DIRECTIONS FOR THIS TASK
The lines below, from the one containing "Wide Regency Open" through the one containing "1,5 Paoli ITALIA", should be set down exactly, with no pictures and nothing else.
**** RAW DATA ****
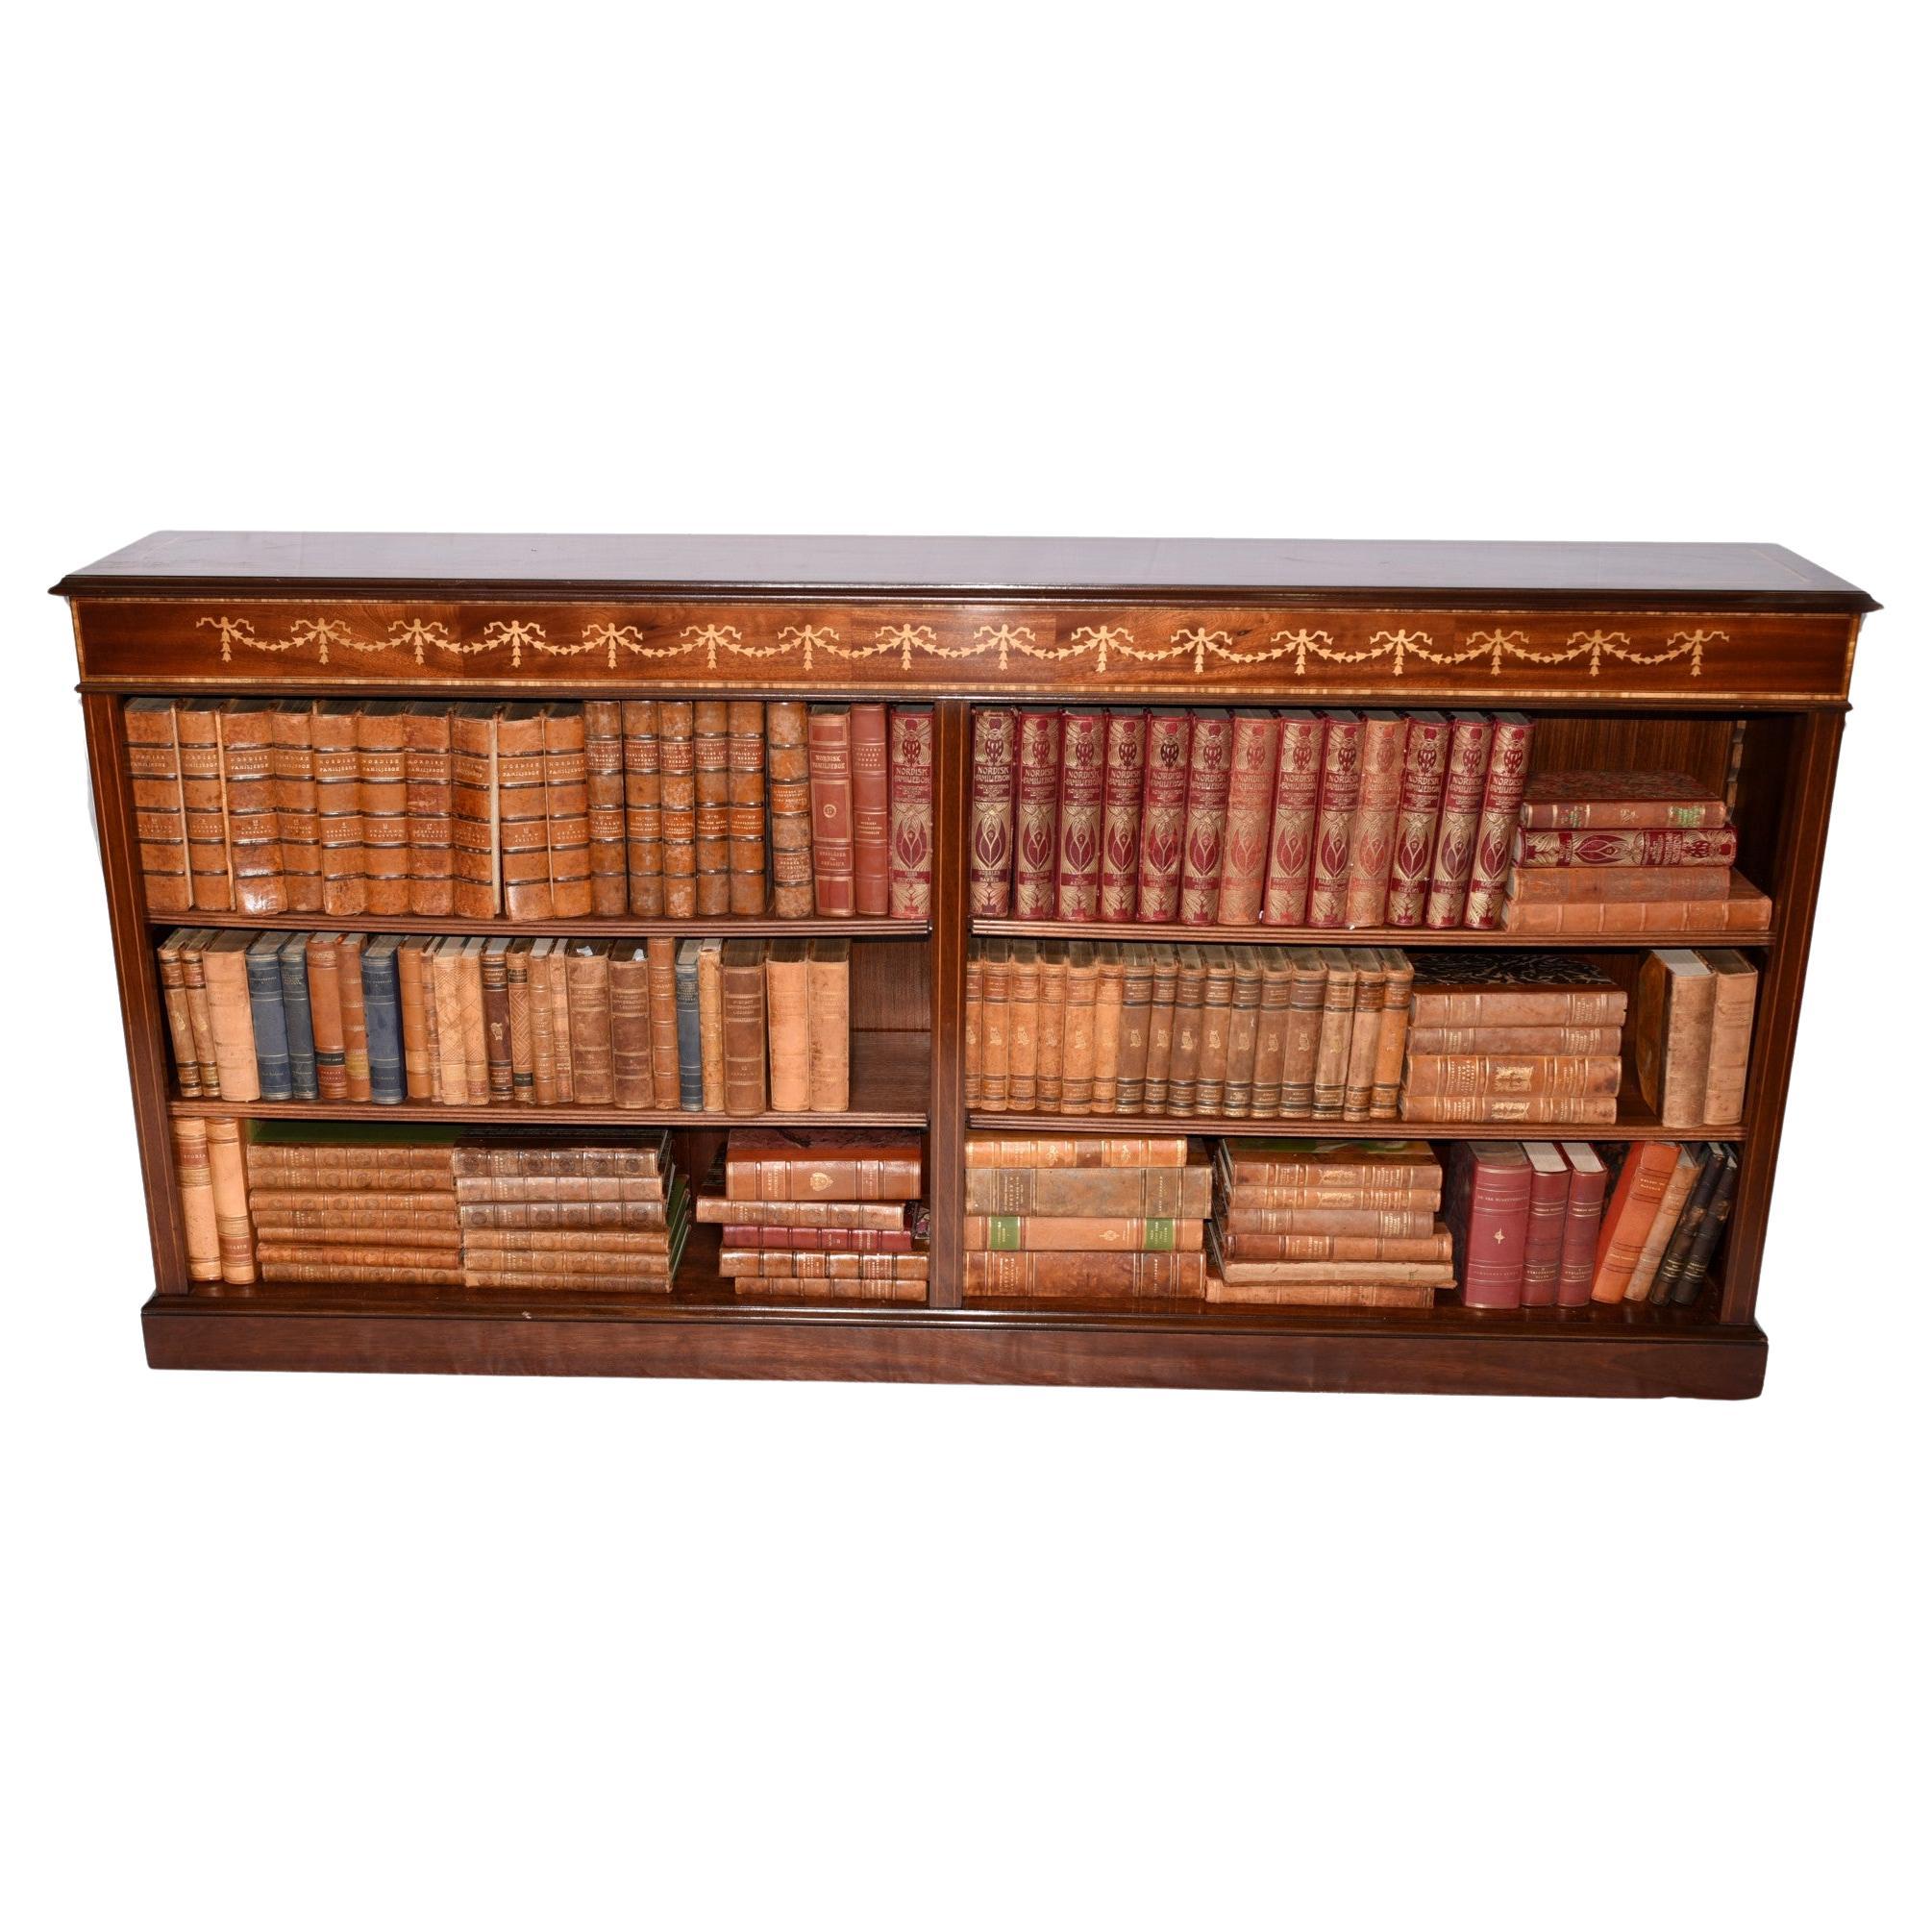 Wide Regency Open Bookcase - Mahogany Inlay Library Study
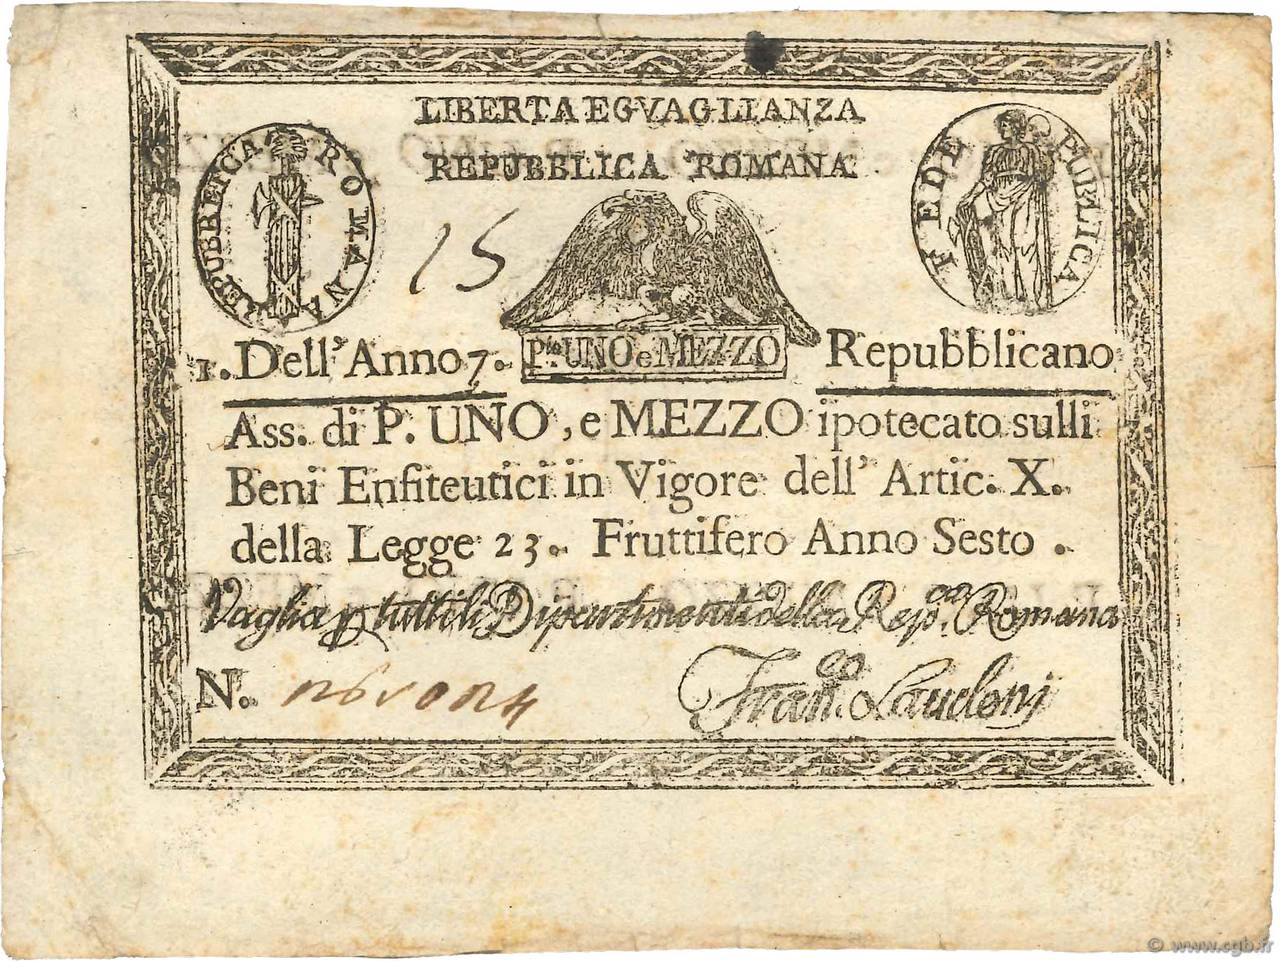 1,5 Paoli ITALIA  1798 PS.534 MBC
****
**** RAW DATA ****
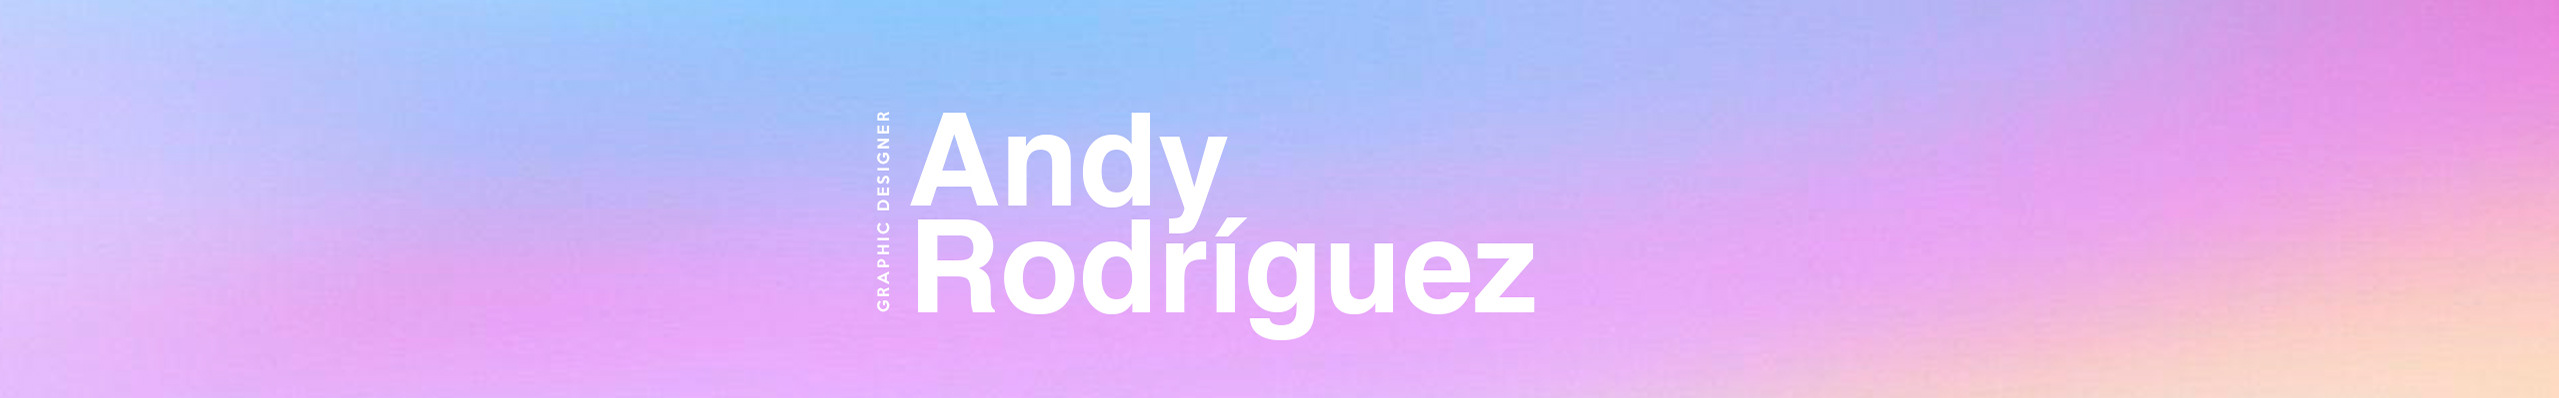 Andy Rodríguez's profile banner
****
PROBLEM SOLUTION
 Wide Regency Open Bookcase - Mahogany Inlay Library Study
 1,5 Paoli ITALIA  1798 PS.534 MBC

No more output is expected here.